Introduction
Before we start with this post, go here if you want to know why I was inactive for the last few months, I am back to posting regularly now :)
This is an interesting paper I read recently that has a novel way to parse user questions about a document. The key insight is that articles or research papers have a very structured format. In some cases, strict templates need to be followed. When this is true, it makes little sense to get context from just blobs of text which is what current approaches follow. PDFTriage proposes a way to train the model not only on the content but also on the metadata which provides the structure of the document. This is helpful because the AI model can now understand the mental model the user had in mind when writing the article.
This enables PDFTriage to accurately answer queries such as “Summarize pages 3-7”, “analyze data in table 3”, etc. In this post, let’s take a look at how it works.
Why do we need to have pre-processing?
It’s trivial but important to note that we need the pre-processing stage since for long documents it’s computationally infeasible to have the entire context in memory. And when we are analyzing tomes — which is what we ideally want our NLP Agents to do — we need to only extract the information relevant to the user query to get useful results.
Architecture
PDFTraige has 3 stages, Getting the document structure, Using the structure to get the relevant context from LLMs and then using the context to answer user queries.
This is the figure presented in the paper:
Stage 1: Generate Document Structure
The authors consider born-digital PDF documents — documents that are created completely electronically (not scanned) — and use the AdobeExtract API to create a DOM-like structure of the document. This is then converted to a JSON file and given as input to the LLM.
Stage 2: LLM Querying
As mentioned above, the input to the LLM is the JSON object which represents the structure and the following 5 functions:
fetch_pages
fetch_sections
fetch_table
fetch_figures
retrieve
The paper just mentions “each function allows the PDFTriage system to gather precise information related to the given PDF document, centring around structured textual data in headers, subheaders, figures, tables, and section paragraphs.”
Each function is used in a separate query to get multiple answers and combined to get the final context.

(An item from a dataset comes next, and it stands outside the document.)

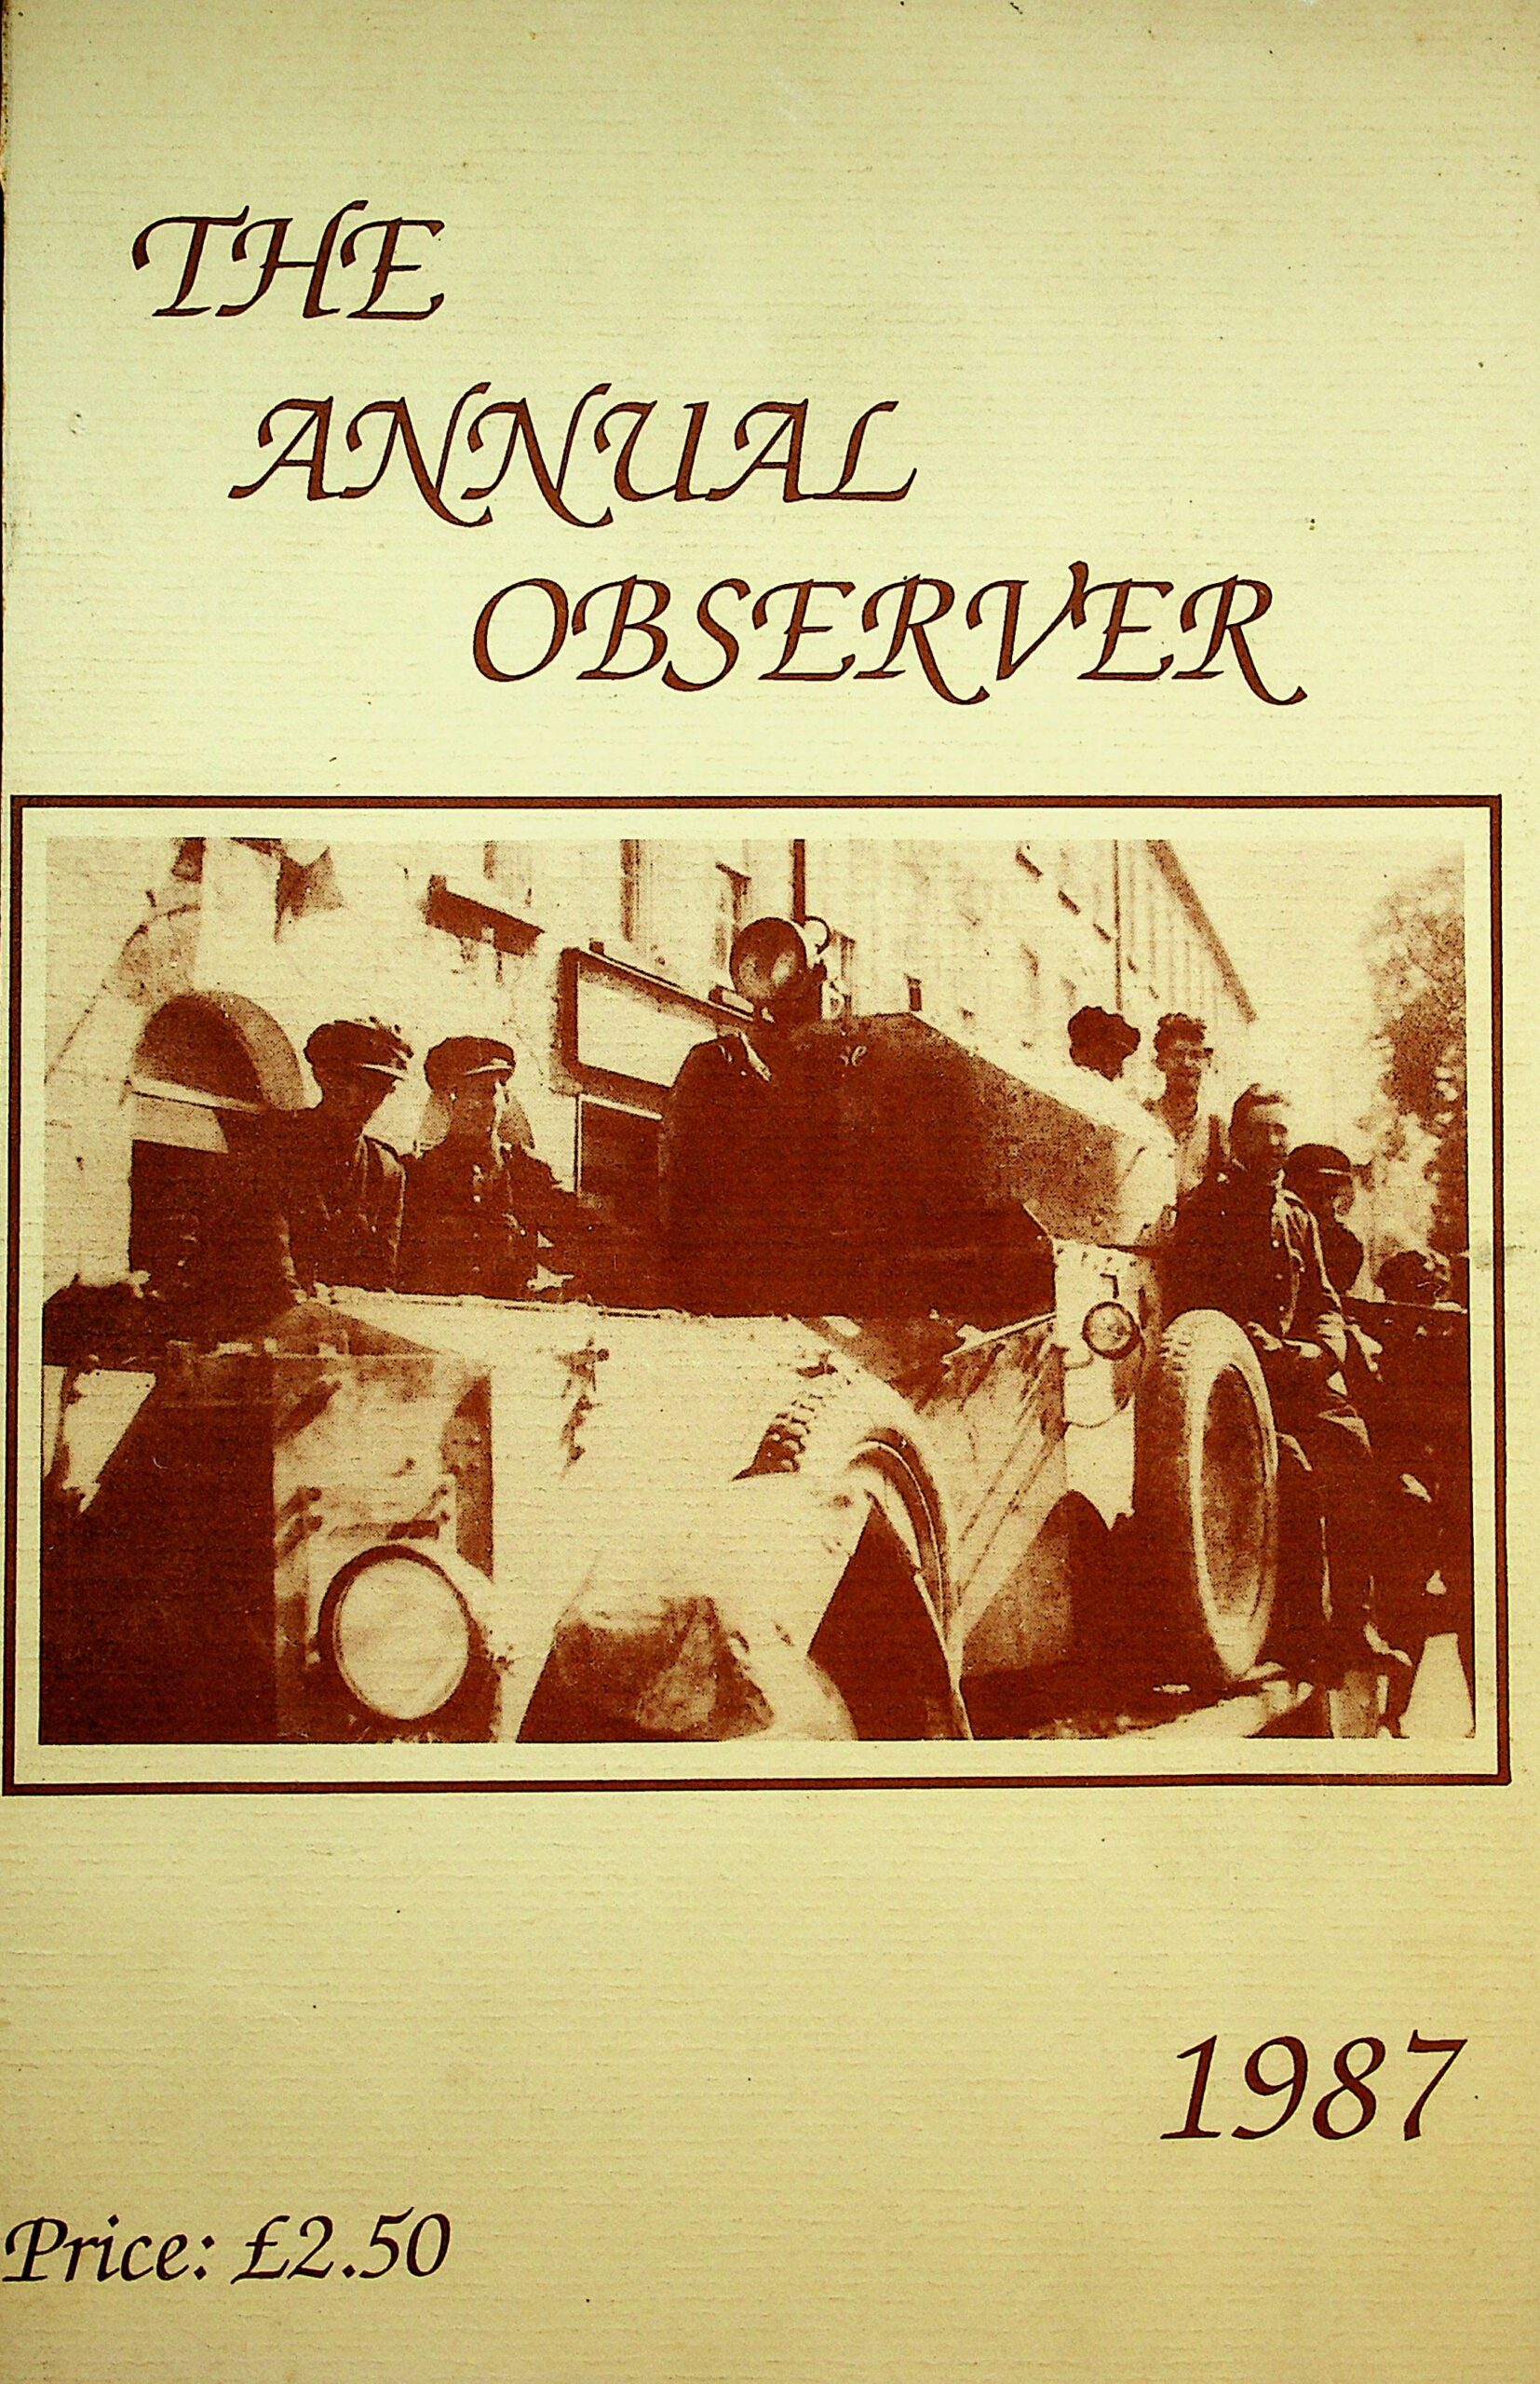 The Annual Observer

A small note on how to call the functions
OpenAPI has a detailed example here. However, I’ll just briefly explain how a function could be called based on the query.
You first define the function in Python, then pass it as a JSON object which has keys like description, parameters, etc.
This is then passed as an argument to the OpenAPI model call. In the response, the model returns an array of the function calls it needs to make based on the user query. You use this array to call the functions and then run a second query where you input the original query and the response of the function calls requested by the model.
Stage 3: User QnA
This is the prompt used to initialize the system:
“You are an expert document question-answering system. You answer questions by finding relevant content in the document and answering questions based on that content. Document: <textual metadata of document>”
The model uses the functions described above in addition to the context retrieved in stage 2 to output the final answer.
Conclusion
Even though the approach seems simple enough, I enjoyed reading this paper because it shows how we can make improvements to AI models by literally thinking about what a human would do in the given context. Since we have a mental model when writing anything, like this post for example, it makes sense that the AI model should be able to parse and reference it to get better answers.